Segment Open

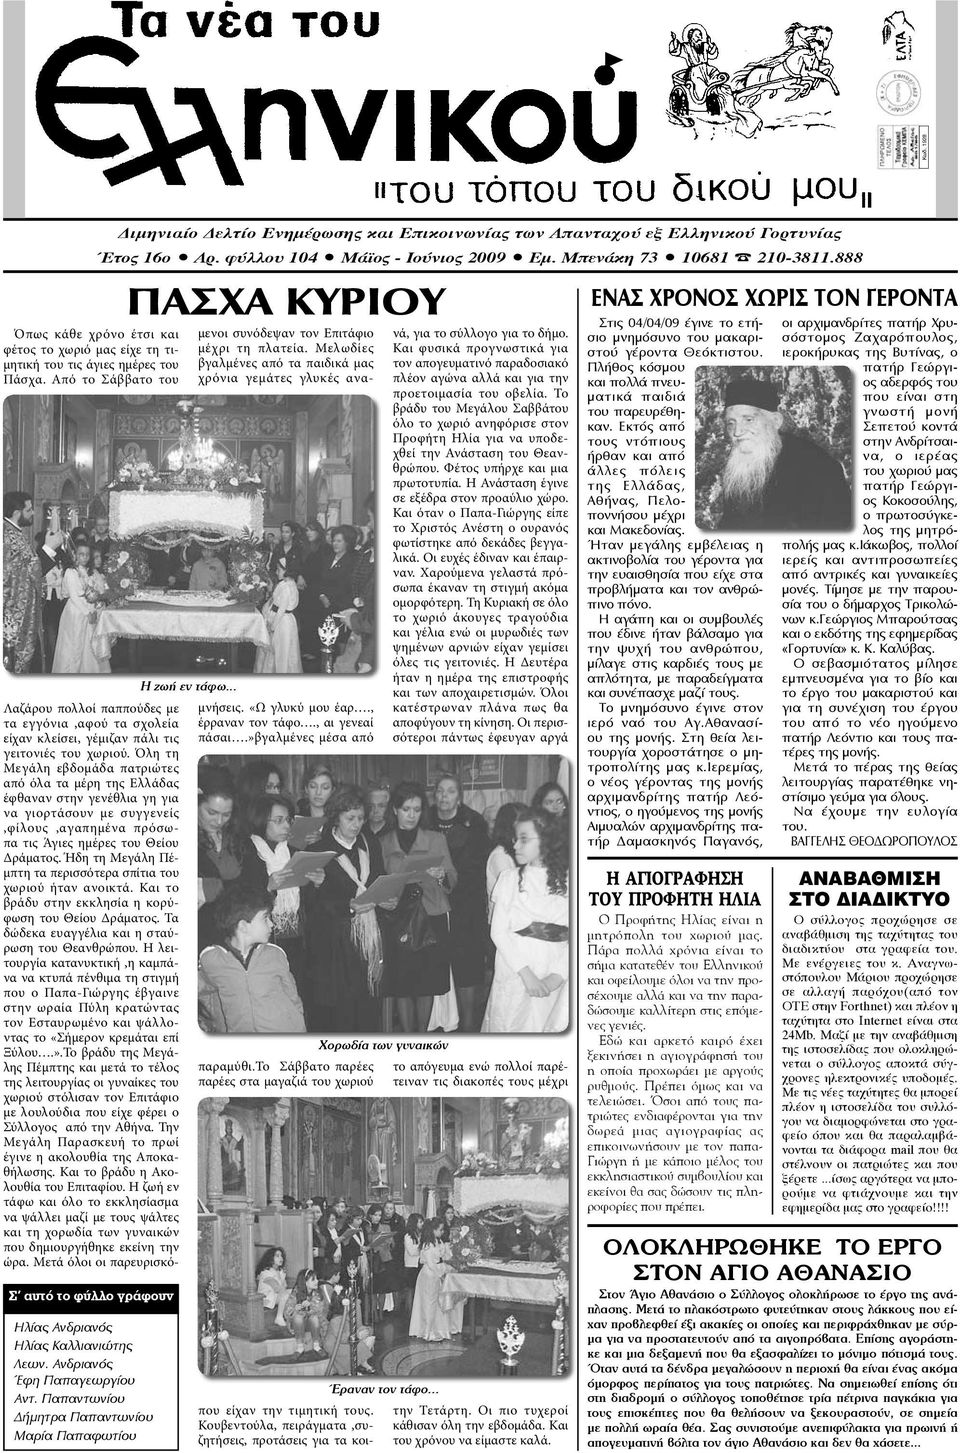 Όλη τη Μεγάλη εβδομάδα πατριώτες από όλα τα μέρη της Ελλάδας έφθαναν στην γενέθλια γη για να γιορτάσουν με συγγενείς,φίλους,αγαπημένα πρόσωπα τις Άγιες ημέρες του Θείου Δράματος.
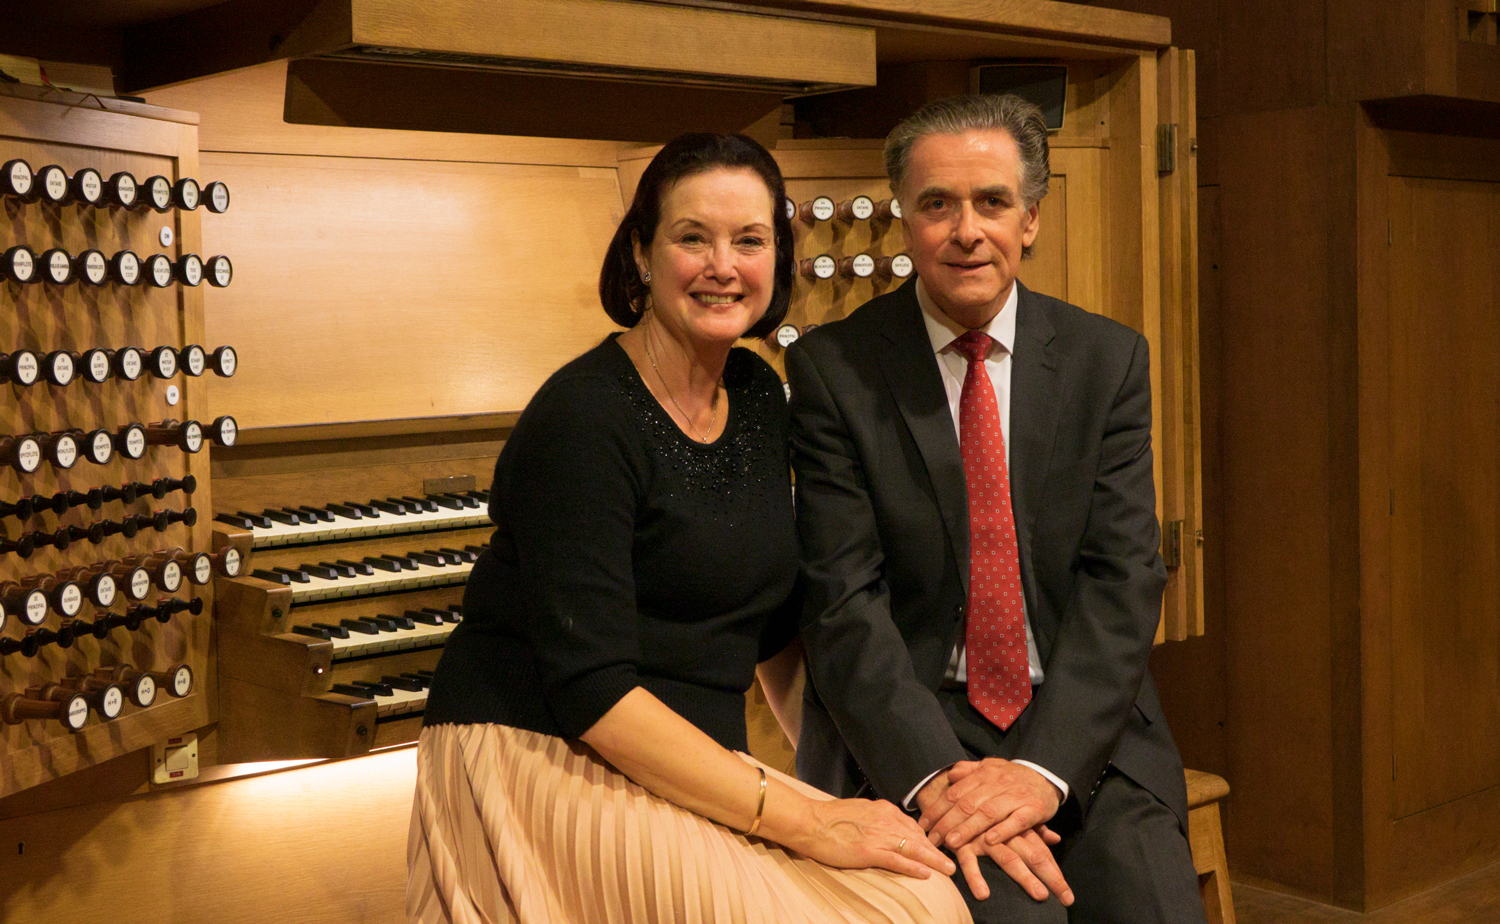 Ben van Oosten und seine Frau und Registrantin Margaret Roest
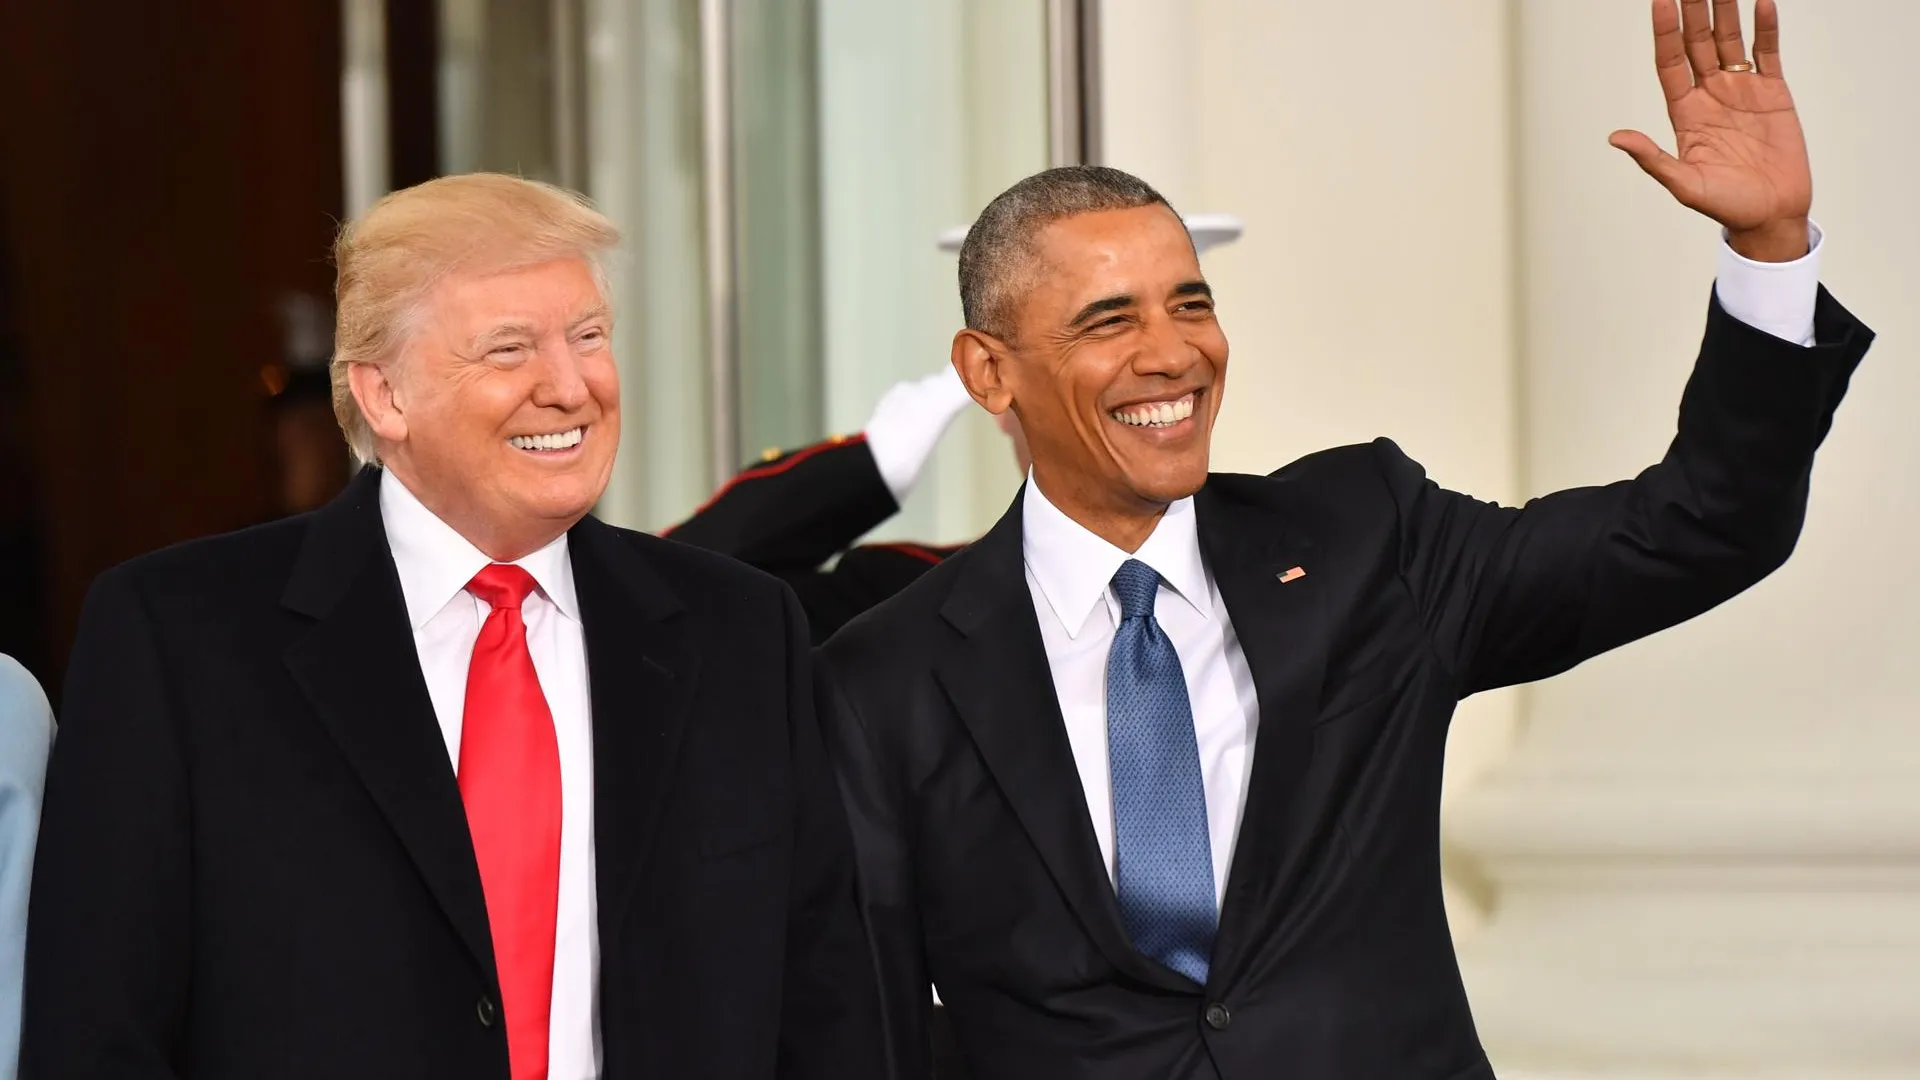 Дональд Трамп и Барак Обама. Фото: Kevin Dietsch / dpa

Segment Closed

EXERCISE DIRECTIONS:
Copy the listing character for character, pictures omitted.

TASK RESULT:
 Όλη τη Μεγάλη εβδομάδα πατριώτες από όλα τα μέρη της Ελλάδας έφθαναν στην γενέθλια γη για να γιορτάσουν με συγγενείς,φίλους,αγαπημένα πρόσωπα τις Άγιες ημέρες του Θείου Δράματος.
 Ben van Oosten und seine Frau und Registrantin Margaret Roest
 Дональд Трамп и Барак Обама. Фото: Kevin Dietsch / dpa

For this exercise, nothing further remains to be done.